Dishonesty is nothing new in politics. I spent much of 2000 — my first year at The Times — trying to alert readers to the blatant dishonesty of the Bush campaign’s claims about taxes, spending and Social Security.
But I can’t think of any precedent, at least in America, for the blizzard of lies since the Republican convention. The Bush campaign’s lies in 2000 were artful — you needed some grasp of arithmetic to realize that you were being conned. This year, however, the McCain campaign keeps making assertions that anyone with an Internet connection can disprove in a minute, and repeating these assertions over and over again.

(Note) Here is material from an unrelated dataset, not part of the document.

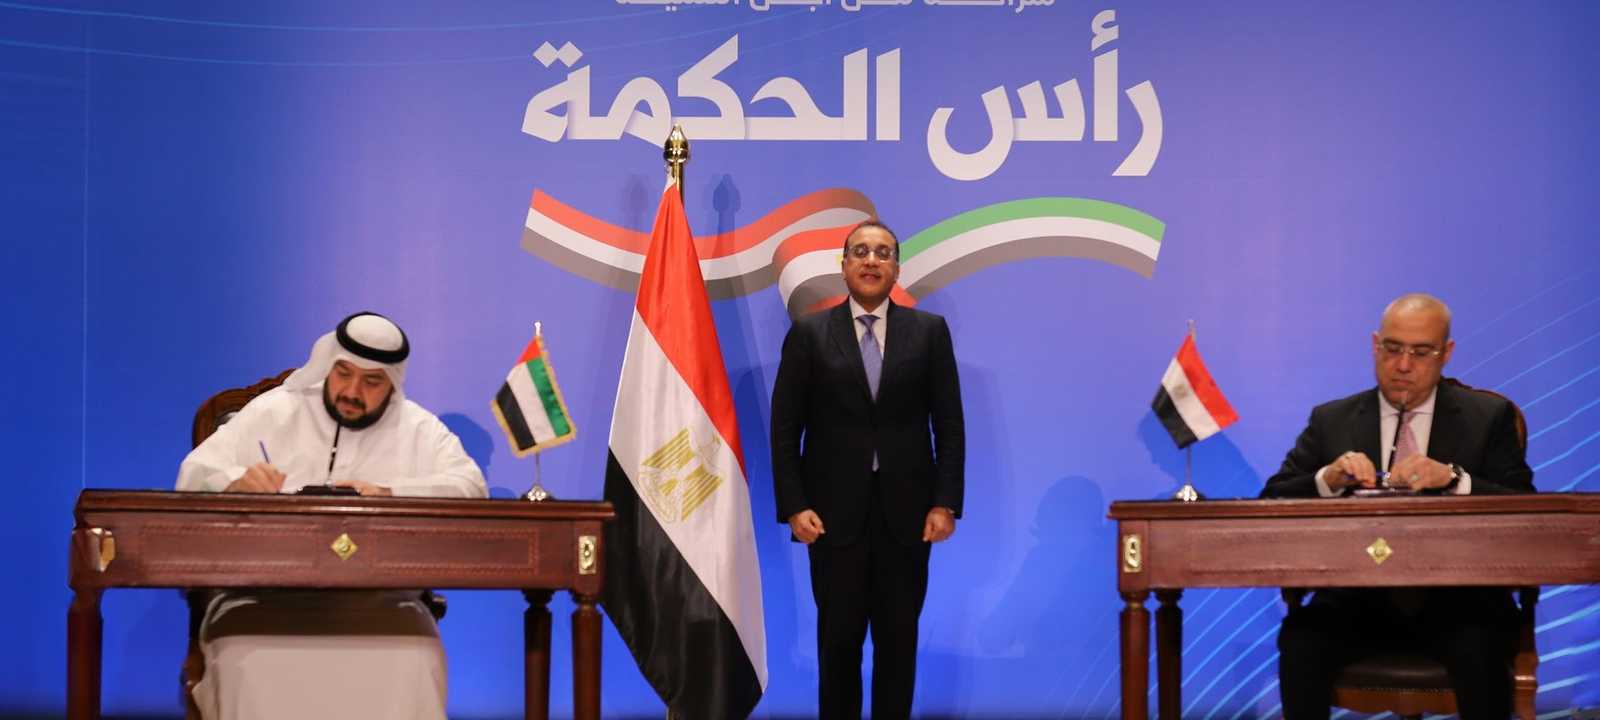 توقيع الاتفاق بين مصر والإمارات لتطوير "رأس الحكمة"
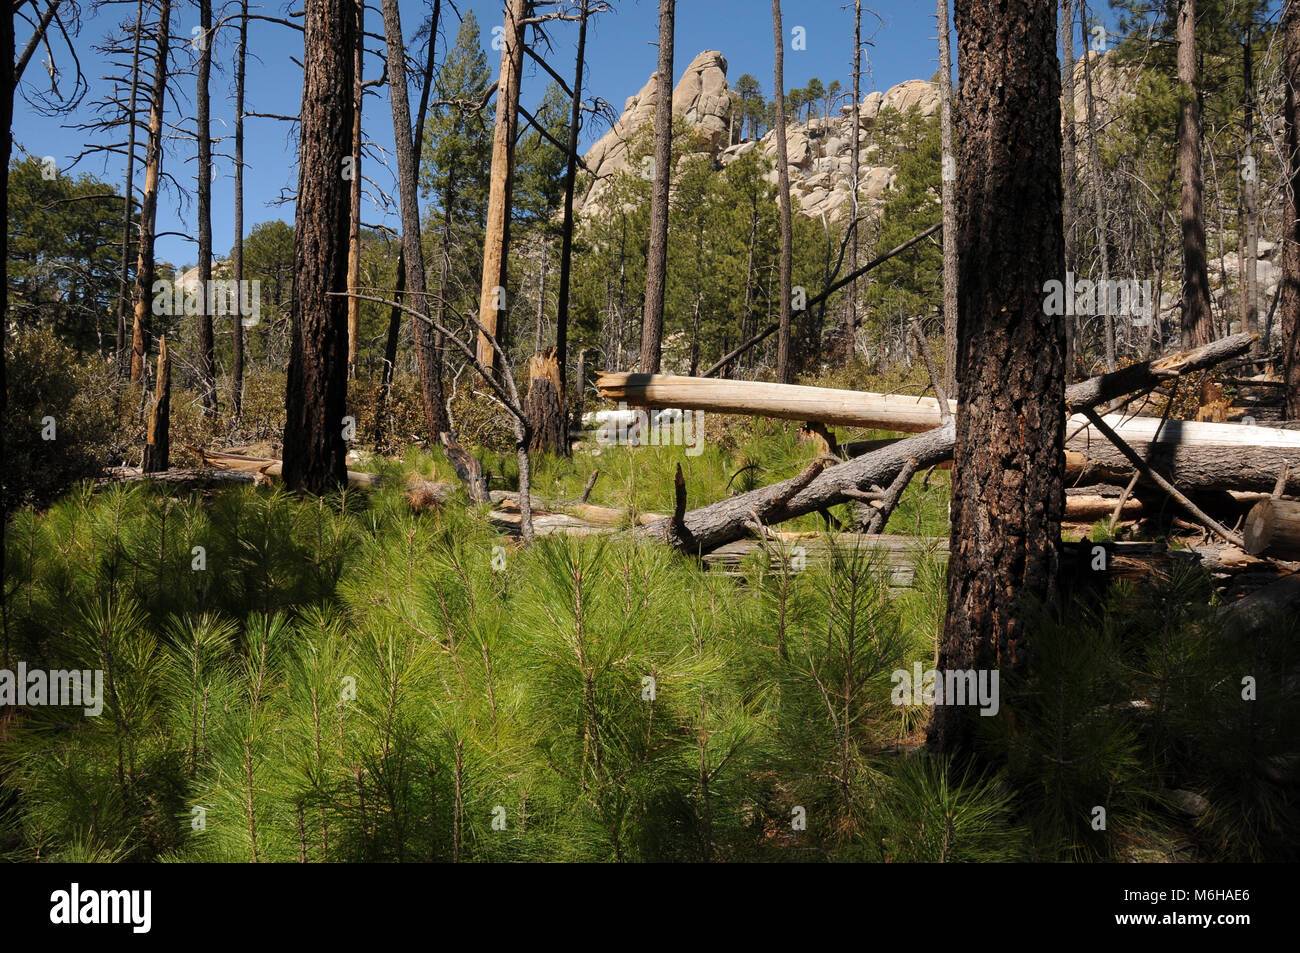 La nuova crescita di pini, felci e altre piante emerge dal suolo della foresta seguendo le Aspen Fire, Arizona Trail, deserto di Rocks Trail, Trail, Foto Stock

And now the team that hopes to form the next administration is running a campaign that makes Bush-Cheney 2000 look like something out of a civics class. What does that say about how that team would run the country?
What it says, I’d argue, is that the Obama campaign is wrong to suggest that a McCain-Palin administration would just be a continuation of Bush-Cheney. If the way John McCain and Sarah Palin are campaigning is any indication, it would be much, much worse.
That’s about how I feel about it myself. I never would have believed that we might end up with an administration worse than Bush 43. I’m beginning to think I am wrong. This could be an unmitigated disaster if McCain/Palin are elected. They aren’t even embarrassed or bother to change their stories when they are caught lying.